#### Information shown:
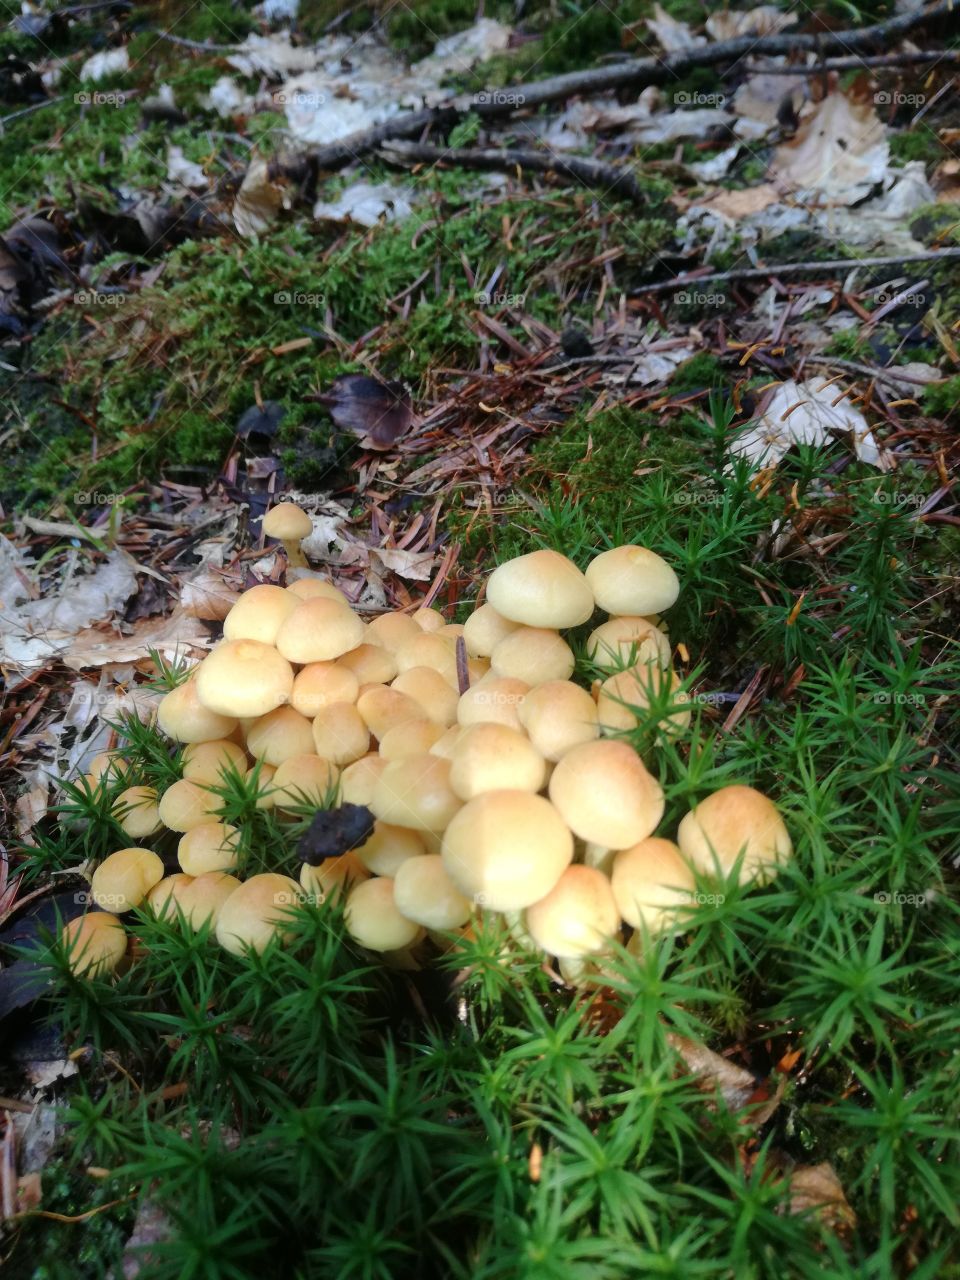 mushrooms in the autumn
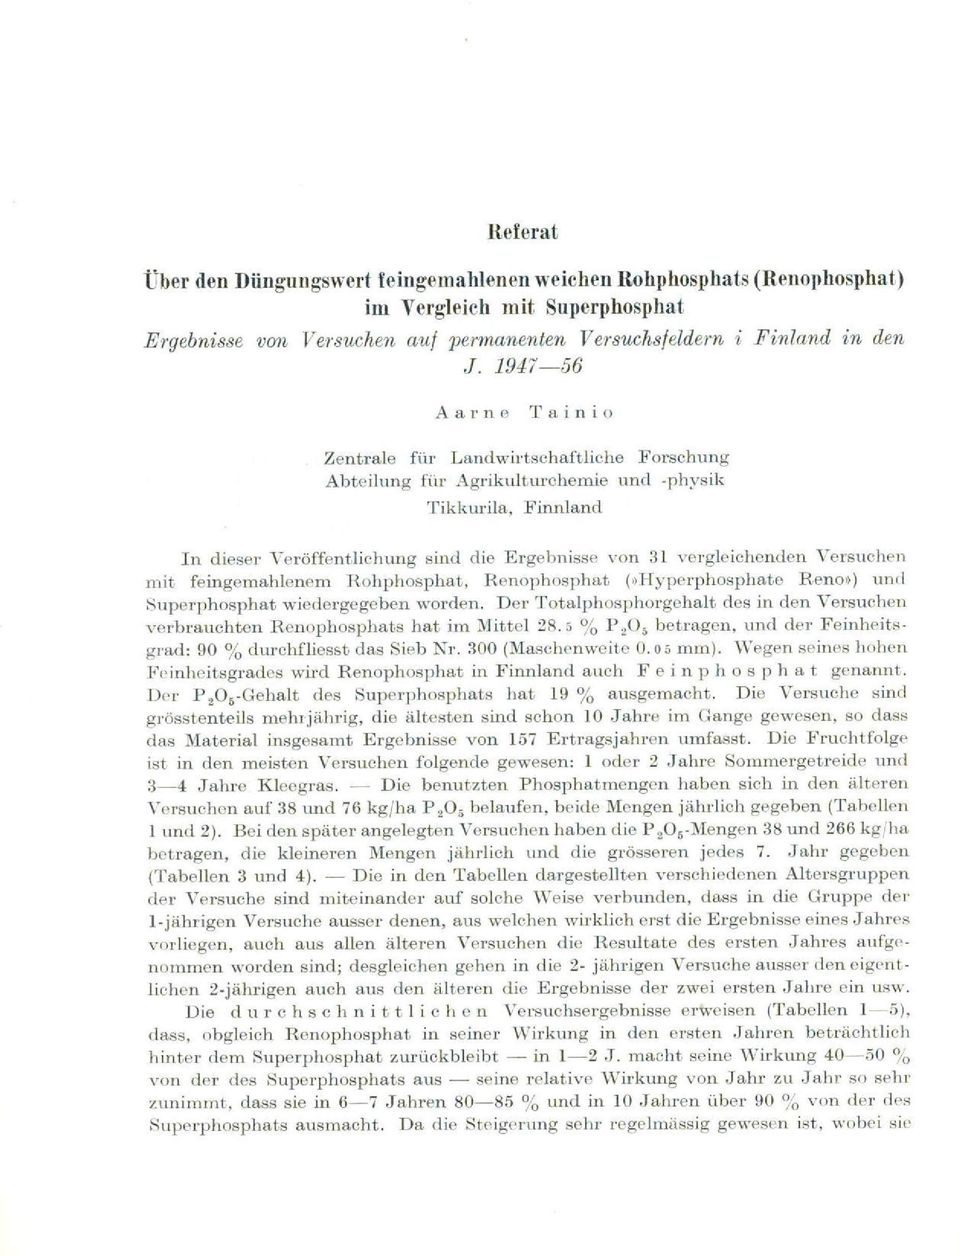 Versuchen mit feingemahlenem Rohphosphat, Renophosphat (»Hyperphosphate Rene») und Superphosphat wiedergegeben worden.
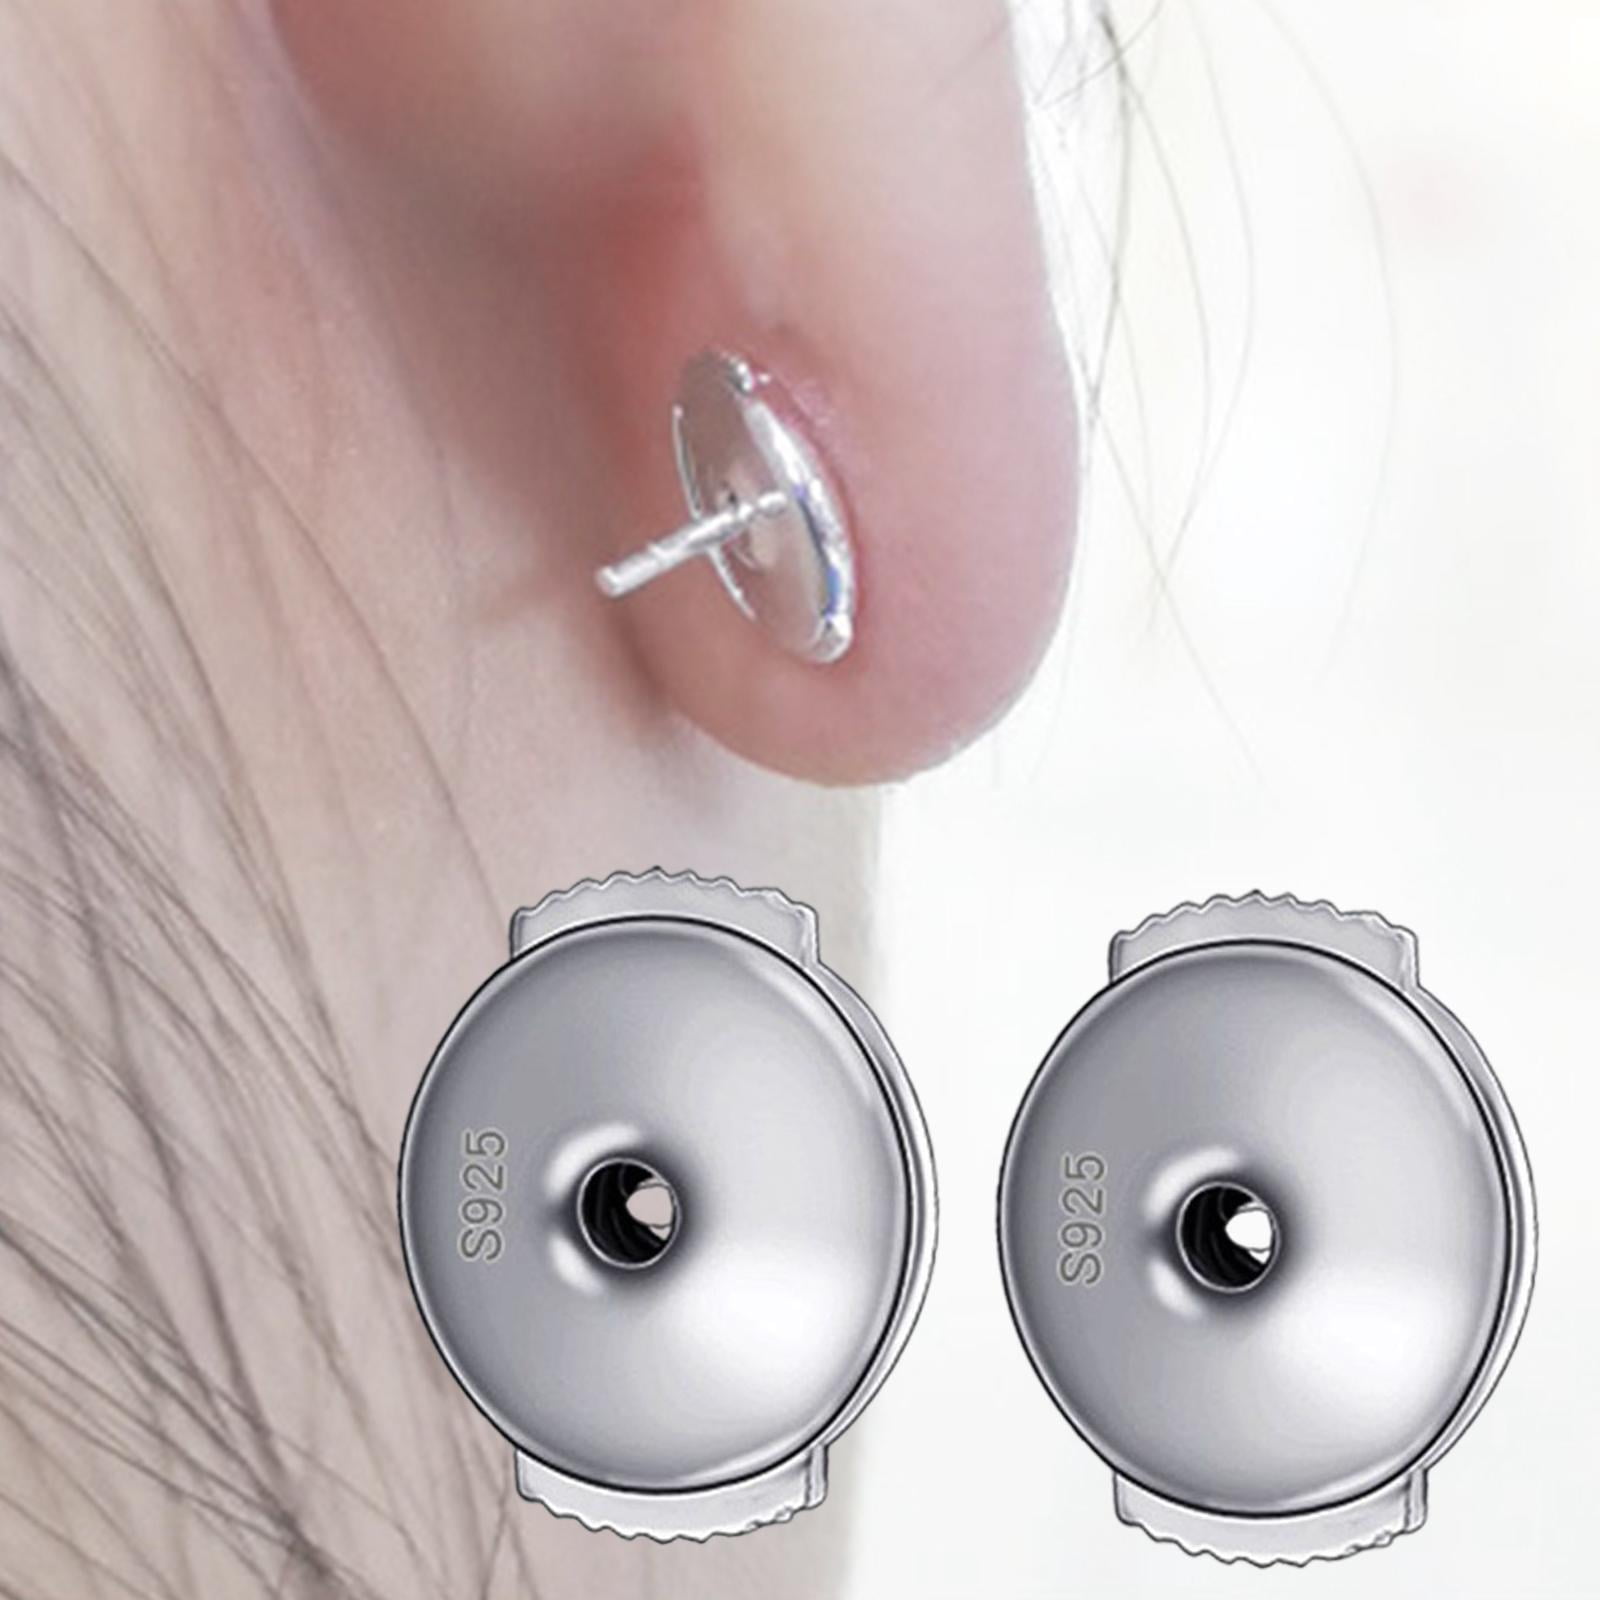 Earring Backs Stopper Locking Jewelry Findings Secure Stoppers Earring  Backs 6mm Golden
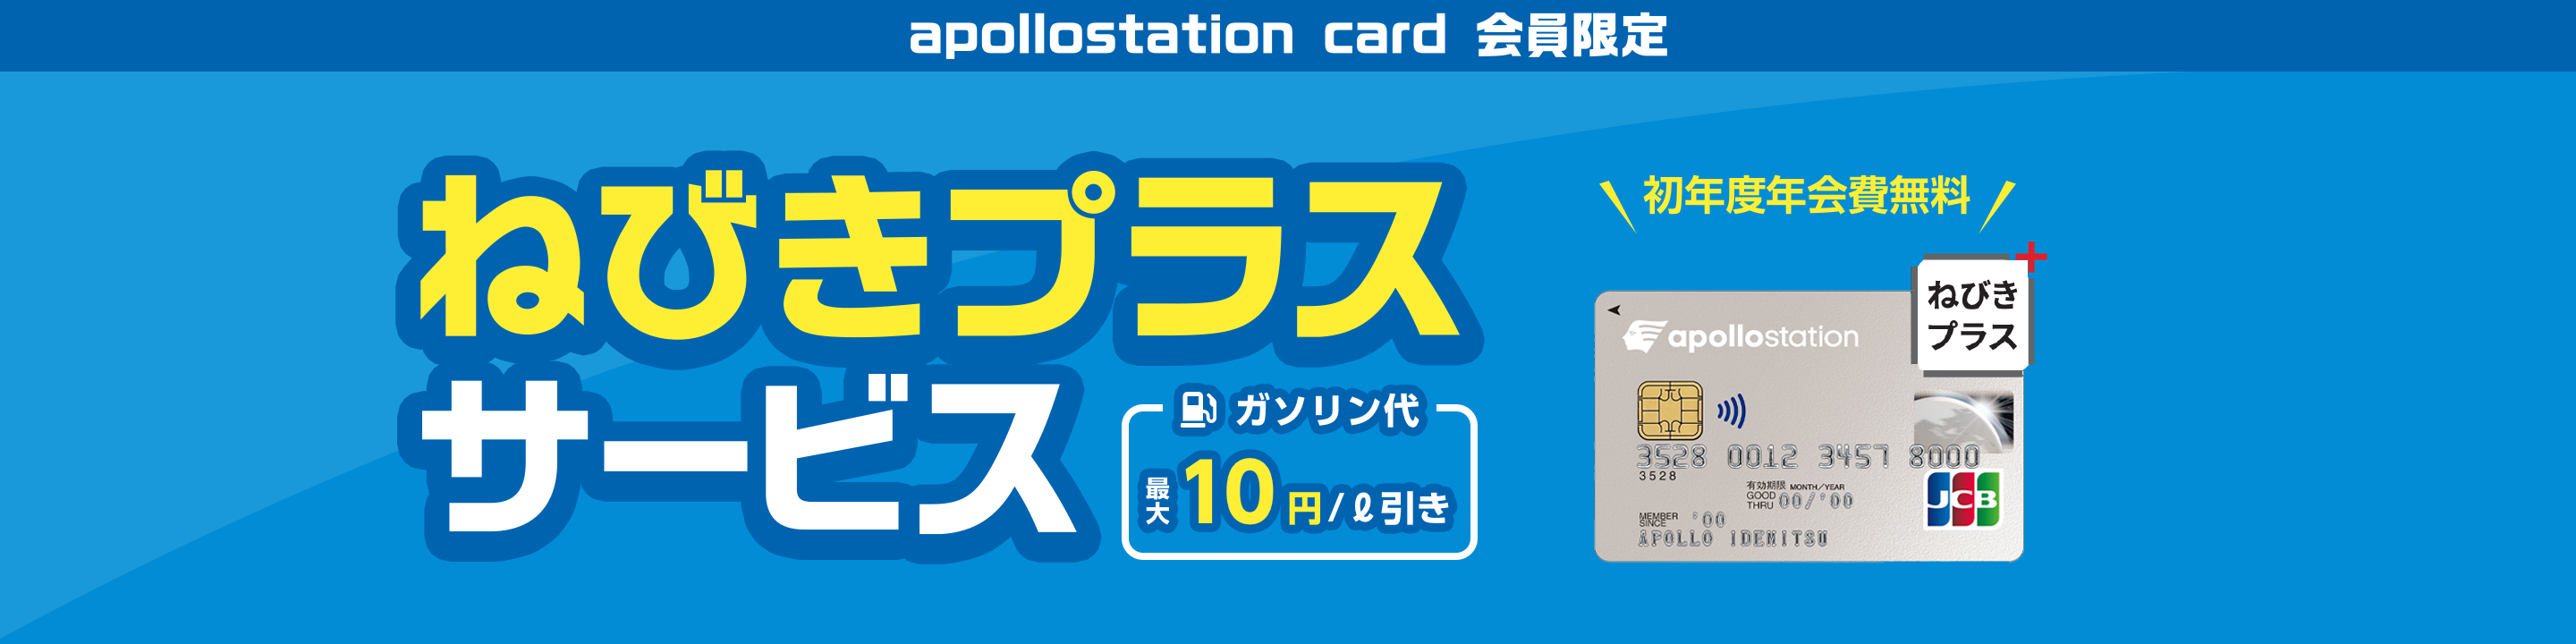 apollostation cardのねびきプラスサービスバナー

#### Task to carry out:
Exactly as written, reproduce the lines from the beginning of the material through the line with "Earring Backs Stopper", and skip any picture.

#### Your response:
 mushrooms in the autumn
 Versuchen mit feingemahlenem Rohphosphat, Renophosphat (»Hyperphosphate Rene») und Superphosphat wiedergegeben worden.
 Earring Backs Stopper Locking Jewelry Findings Secure Stoppers Earring  Backs 6mm Golden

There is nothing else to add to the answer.